Cette évolution reflète également une amélioration progressive de la politique monétaire, de la gestion budgétaire, et des efforts de désendettement amorcés sous le programme de soutien du FMI signé en 2023.

L’énergie, levier stratégique de relance

Autre facteur de confiance : la signature récente d’un accord entre l’État ghanéen et le consortium dirigé par l’italien Eni, en partenariat avec Vitol. Ce pacte porte sur l’expansion du projet Offshore Cape Three Points (OCTP), un pilier de la stratégie énergétique du pays.

Le ministre ghanéen de l’Énergie, Matthew Opoku Prempeh, a déclaré que cet accord permettrait d’augmenter significativement la production de gaz local à partir de 2026, réduisant ainsi la dépendance aux importations coûteuses de carburants et renforçant l’autonomie énergétique.

“Cet accord est crucial pour la sécurité énergétique du Ghana, mais aussi pour notre compétitivité économique”, a-t-il souligné lors de la conférence de presse tenue à Accra.

Une fenêtre d’opportunité pour les investisseurs

Avec la baisse des taux, les entreprises et les ménages ghanéens pourraient enfin accéder à un crédit moins onéreux, favorisant ainsi l’investissement et la consommation.

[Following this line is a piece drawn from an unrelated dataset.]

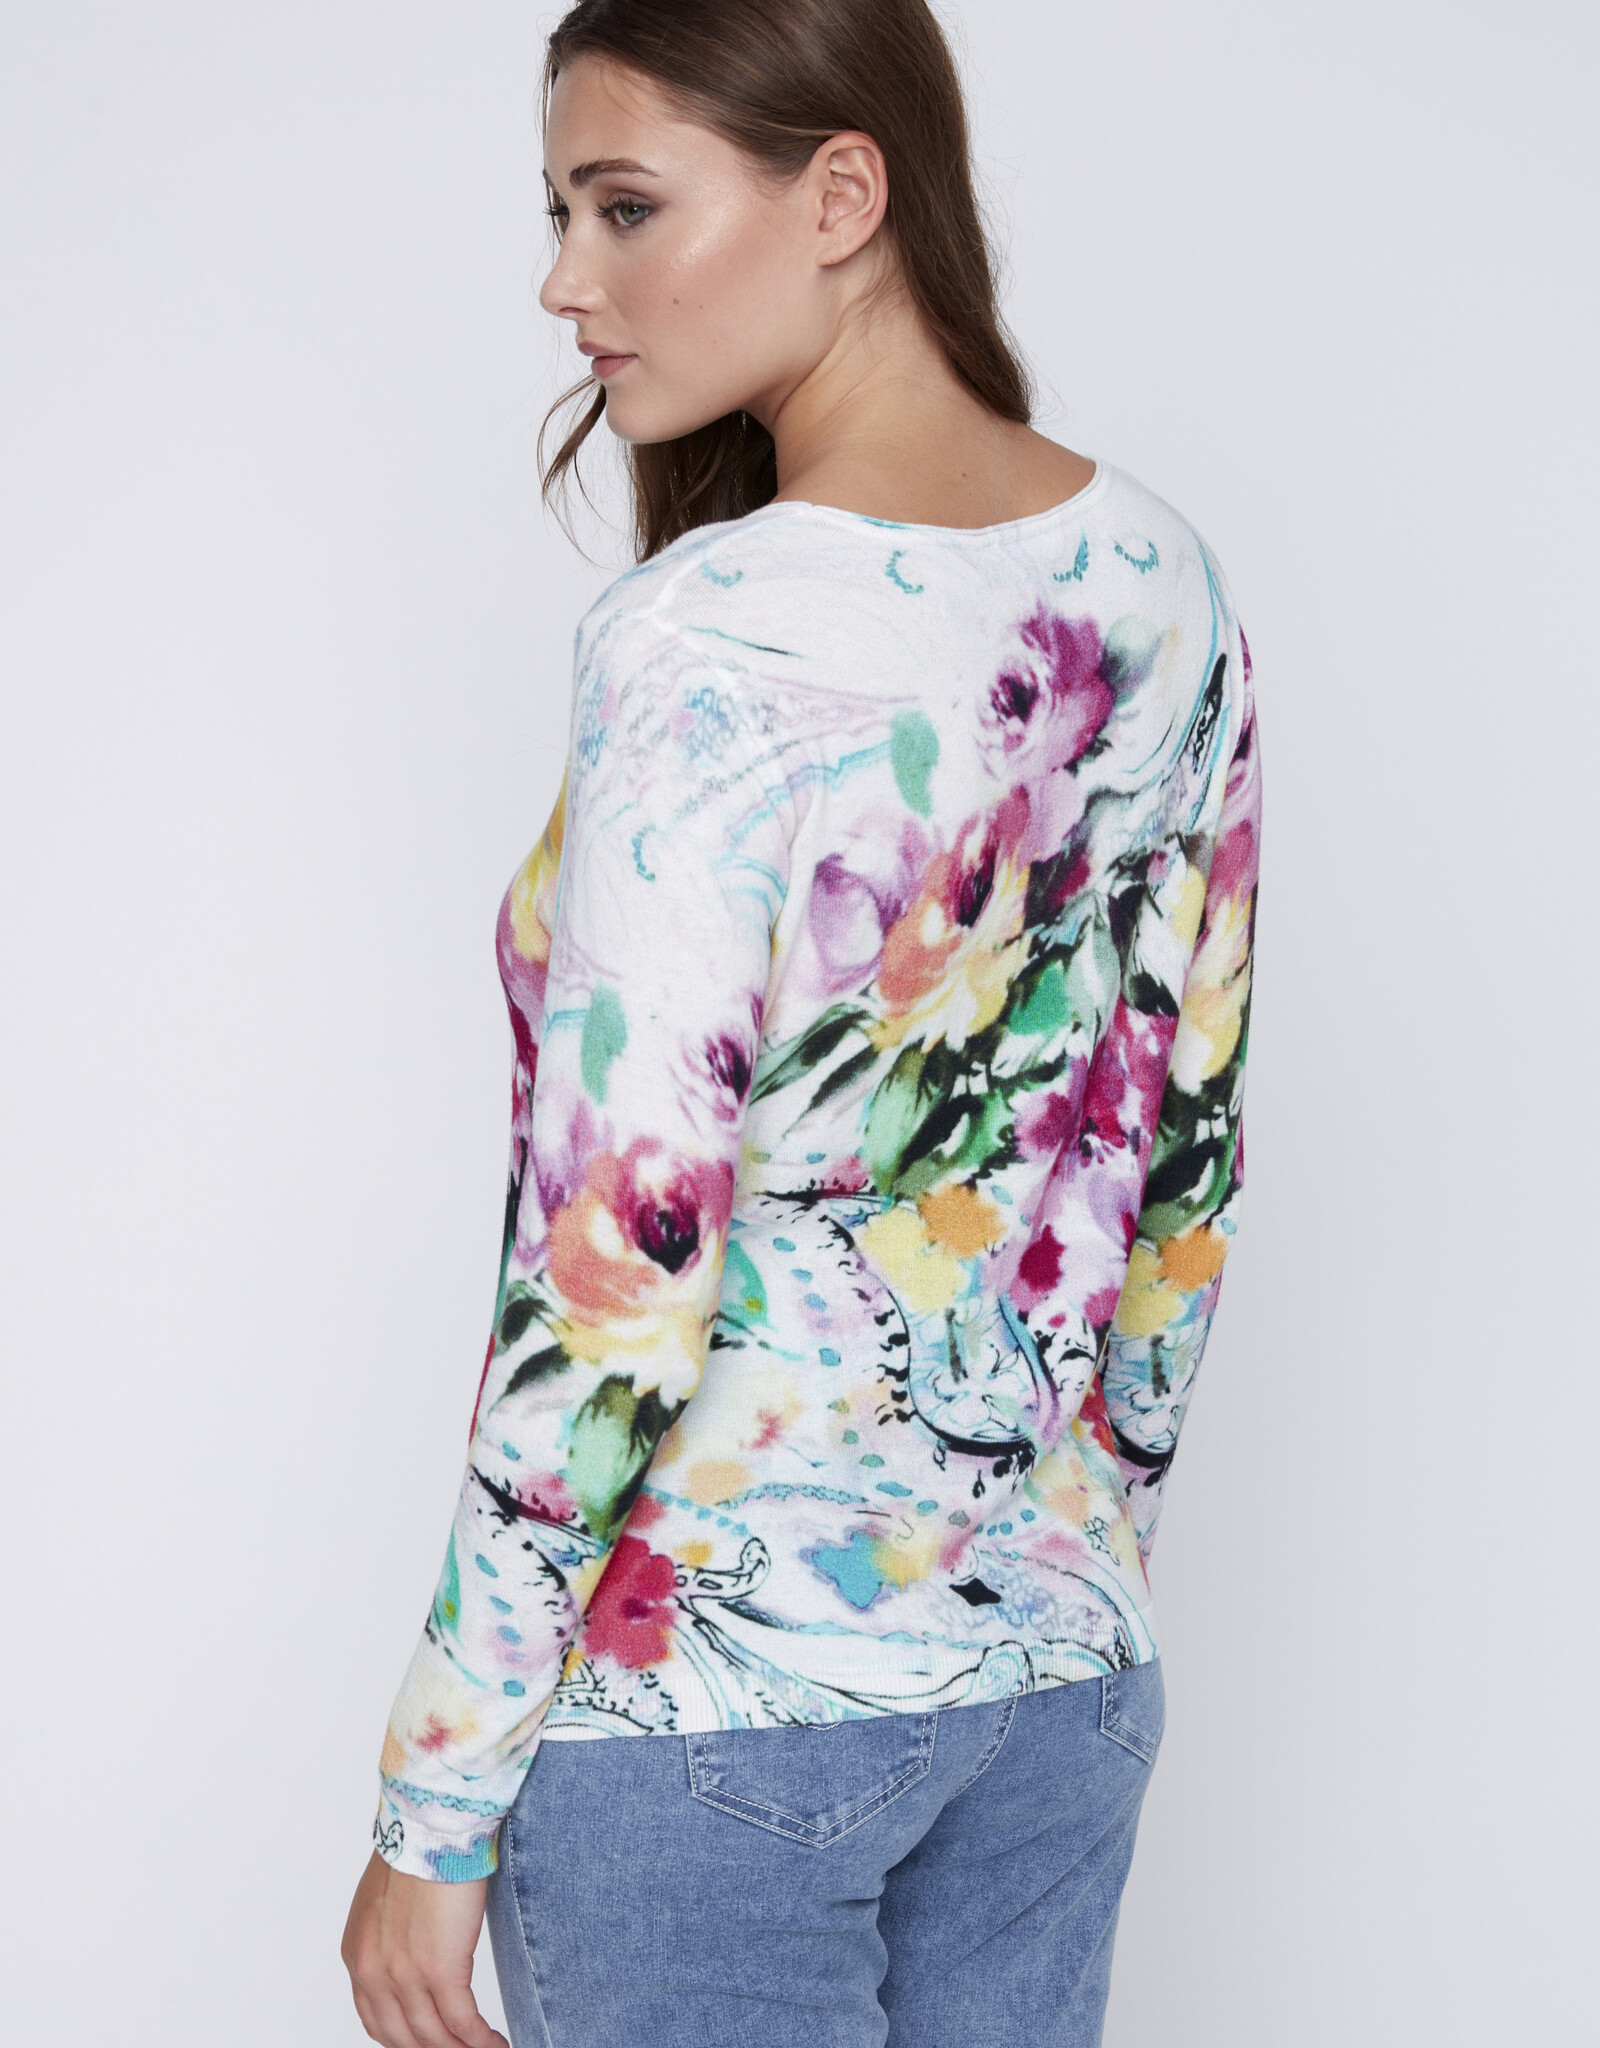 CYC Floral Printed Knit Top

Le secteur privé espère que cette décision marquera le début d’un cycle économique plus favorable, après plusieurs trimestres de contraction ou de croissance molle.

Pour les investisseurs étrangers, le Ghana redevient une destination attractive, notamment dans les domaines des infrastructures, de l’énergie, de l’agro-industrie et des services financiers.

Des défis à surveiller

Cependant, tout n’est pas encore gagné. Les économistes mettent en garde contre un relâchement prématuré de la discipline budgétaire, dans un pays toujours fortement endetté. De plus, la volatilité des prix du pétrole, les incertitudes géopolitiques mondiales et la dépendance aux importations pourraient rapidement inverser la tendance actuelle.

La Banque du Ghana a indiqué qu’elle surveillera étroitement l’évolution de l’inflation, prête à ajuster sa politique si nécessaire.

Avec une combinaison de rigueur monétaire, de réformes budgétaires et de projets énergétiques structurants, le Ghana semble vouloir tourner la page de la crise. Reste à transformer ces signaux positifs en une croissance inclusive et durable.